The app package defines three public classes:

  • Application
    • Represents (wraps) a backend application
    • Has method use to select the backend.
    • Has methods run, quit, process_events.
    • Has property native to obtain the backend application object.
  • Canvas
    • Represents (wraps) a single widget or window.
    • Can be subclassed or used as-is.
    • Has user-modifiable hooks for window-system and input events: initialize, resize, paint, mouse, keyboard, etc.
    • Provides basic widget/window interaction: show(), update(), resize(), close()
    • Has a native attribute which points to the backend widget object.
  • Timer
    • Represents (wraps) a backend timer.
    • Provides methods start and stop, and properties running, interval.
    • Has an timeout event emitter (or is it events.timeout?)

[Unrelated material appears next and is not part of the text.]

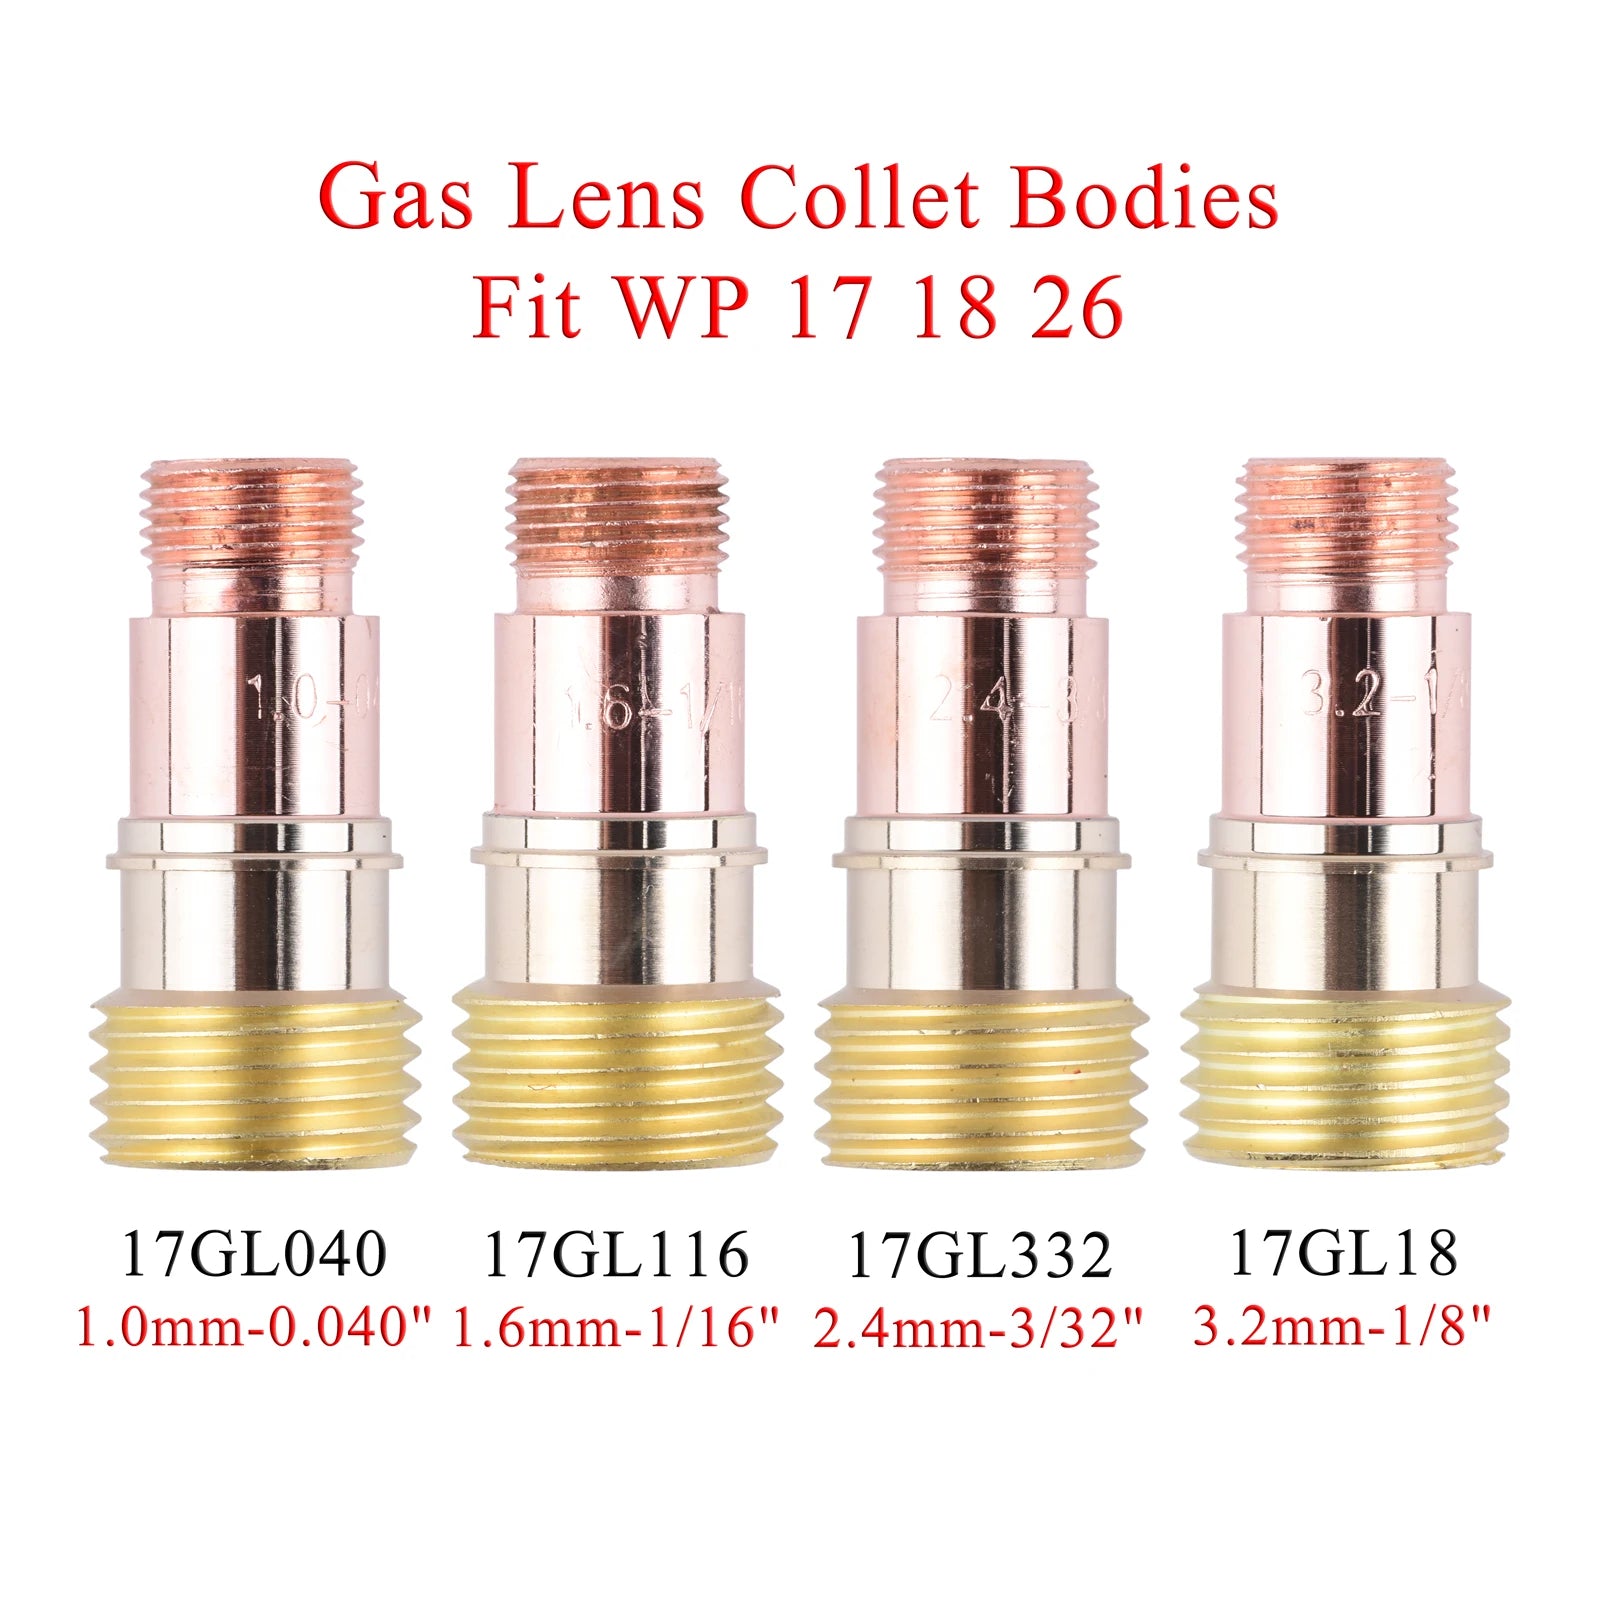 34Pcs TIG Welding Torch Accessories Stubby Gas Lens 4#~12# High Temperature Glass Cups Kit Fit WP17/18/26 Soldering Supplies

When vispy.app is imported, a default Application instance is created. The package further contains a few functions that hook into this default app object: use, run, quit, process_events. This makes usage very simple when only one application is required (>95% of cases).

Example use cases

Example 1:

from vispy import app
class MyCanvas(app.Canvas):
   def on_paint(self):
       ...
 canvas = MyCanvas()
 app.run()

Example 2:

from vispy import app
app.use('qt')  # Select Qt as the backend

canvas = app.Canvas()
canvas.resize(500, 500)
canvas.show() 

@canvas.events.paint.connect
def paint(event):
    glClear(GL_COLOR_BUFFER_BIT)
    . . .

@canvas.events.mouse_press.connect
def mouse_event(event):        
    print("clicked at:", event.pos)

app.run()  ## start event loop

Backends

For each of the three classes mentioned above, there is a corresponding Backend class. Backends are required to mix these classes with the native backend application/widget/timer (or wrap it). These backend classes thus provide an abstraction layer that translates the backend-specific API's to vispy' generic API.

To implement a backend, all stub methods of ApplicationBackend, CanvasBackend, and TimerBackend must be implemented, and all required events should be emitted from the corresponding EventEmitters.

This approach makes it possible to subclass Canvas (and Application and Timer), enabling very easy creation of small applications.